I do have a meal plan from when I was in hospital, so I may go back on that. Its going to be difficult though because I will have to enforce it myself. I feel like I'm just being greedy because nobody else thinks I deserve to eat because I'm fat. I'm so scared and I feel so alone. All the best to all of you.
Helpful - 0
712314 tn?1303098090
Hello. Your not alone. When i was 9 i became a binge eatter. From the age of 13-18 i was bulimic, yet after all that time and loosing no weight, but just maintaing i went to a treatment program. i was following a meal plan and  i gained 5 lbs. i was devestated. When i left the program i still followed the plan, but after 3 months i relapsed back into bulimia, which has become since then a mixtrue of anorexica and bulimia. After loosing 40 lbs, i find myself going back into treatment in 4 days.

I think with a nutrionist, a meal plan, an excersise plan, and a theripist that specializes in eating disorders you can RECOVER. I understand that your afraid by eating again, and not vommiting that you'll gain weight, and try to understand if your underweight you will gain some weight to be healthy. A meal plan may also make you initally gain weigh but in the long term you will loose that weight if you stay commited to your meal plan, and moderated excersise. If i had only stayed commited to mine i wouldn't be going back to a treatment center this year.

Best of Luck
Helpful - 0
Avatar universal
I  am a mother of a boy who has RECOVERED from anorexia.
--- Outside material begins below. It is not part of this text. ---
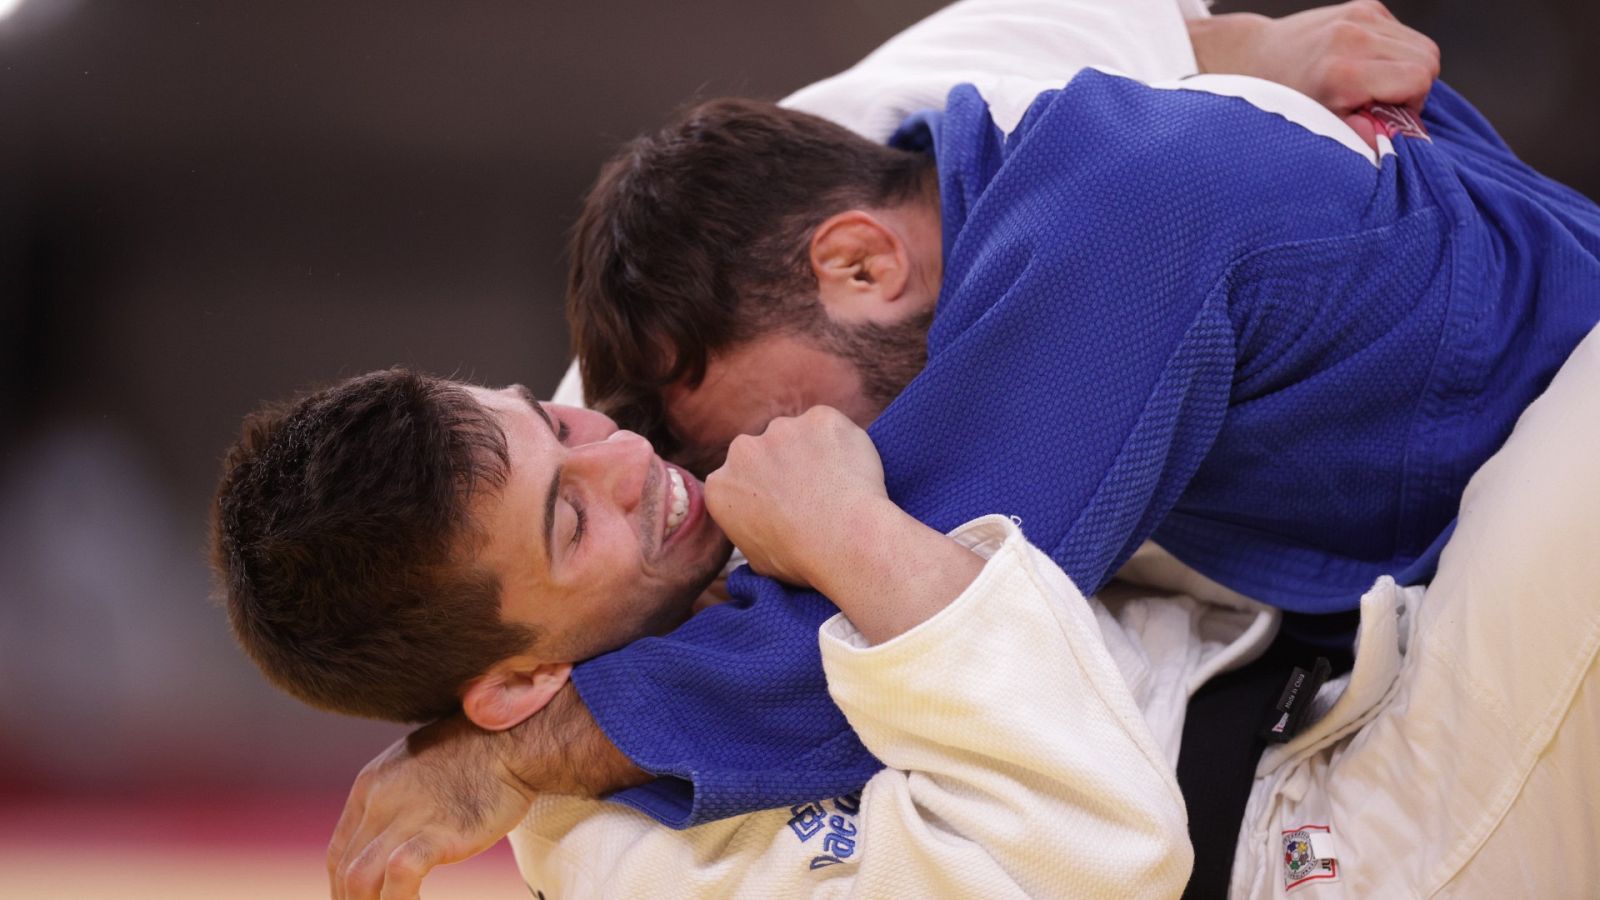 Resumen de la derrota del judoca español Fran Garrigós
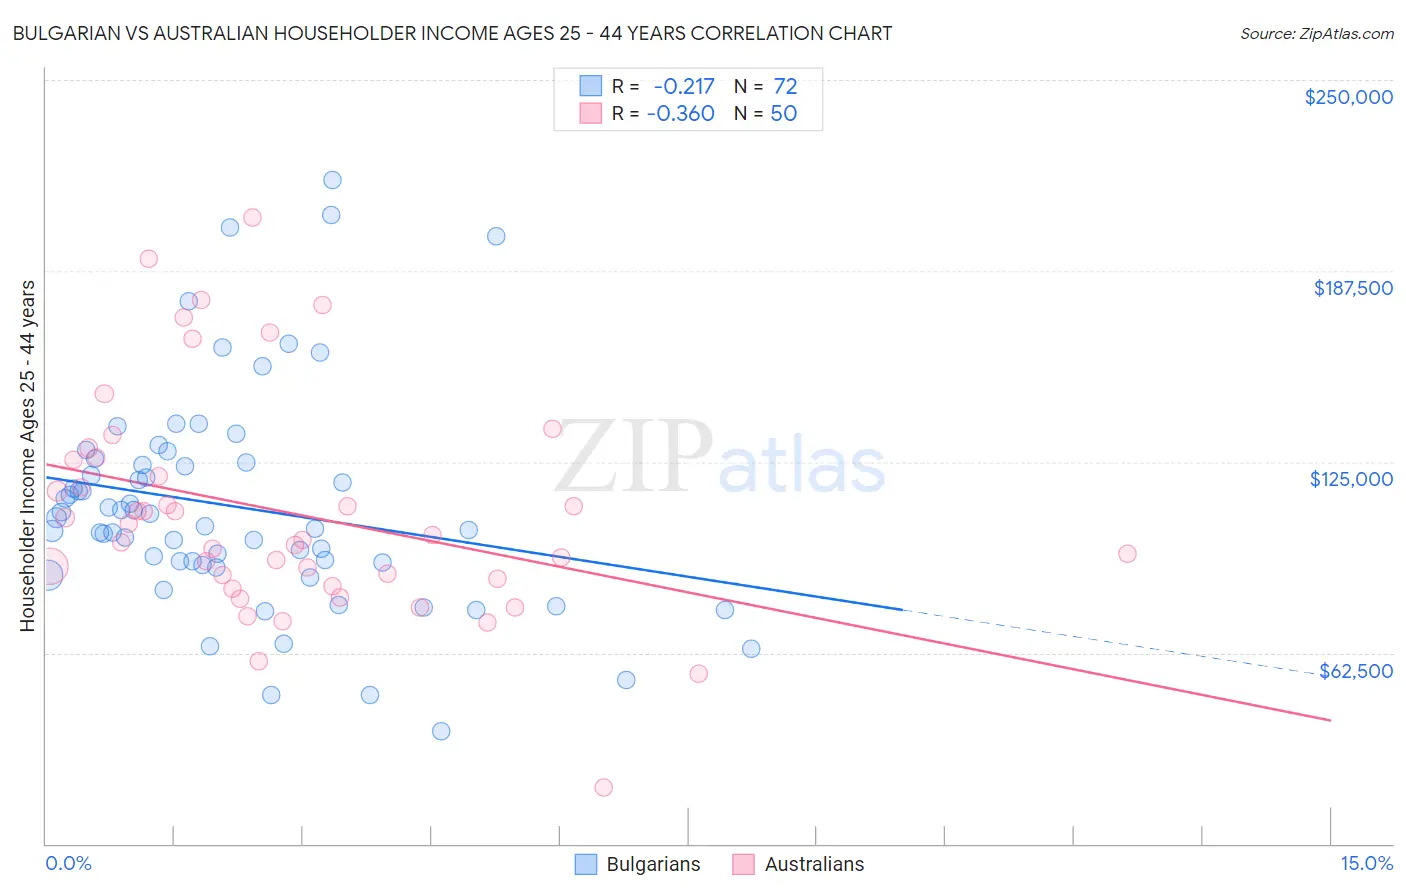 Bulgarian vs Australian Householder Income Ages 25 - 44 years

He at his worst was 4 st 12 lbs and close to death . He is now 8st 2lbs and rising he was as bad as you could get ticking every anorexic behaviour and more.. We lived the nightmare and have survived. You CANNOT do it without professional help and support. My son has recovered because I gave up my job and gave him 24hr support, never blaming him it was not his fault and it is not your fault you have an illness you would no more blame people who have cancer as you would a anorexic person.. It is tiny determined steps challenging it every step of the way taking every triumph how ever small and making it a positive nearer to your goal. You can and you will overcome it with the right help you DO NOT have to live with this . Get someone close on board expose the anorexia for what it is what it is trying to do to you be HONEST that is a must , dont make excuses for the anorexia dont stick up for it. It is trying to hurt you and you must expose it. Go to your doctor and get yourself referred to a specialist physcotheripist. There is a lot of help out there you need to ask for it- good luck I will reply if you need any more help
Helpful - 0
Avatar universal
I will pray for you. I am your sister in a lot of ways. You are not alone in this. And no you are not the only one who has switched eating disorders. You can't keep going on your own, you need help and you need it now. First you must understand that this is not just about food. I think it started out as food being a source of comfort for you. But with the weight gain from binge eating I am certain you developed a poor body image. Then you found a way to control the weight gain by purging, etc. .The key word there is control. We eating disorder people do this as a sense of control in our sometimes out of comtrol lives. I'm no doctor , and i won't pretend I know all the answers but I do know your pain. You need professional help, it won't go away over night , it is one day at a time. It is equal to that of being an alcoholic. Except they can stay away from booze, we need food to live. It will take therapy and time before you will begin to have a healthy realationship with food. But whatever you do , don't give up, keep fighting!!!!  Trust me it's worth it.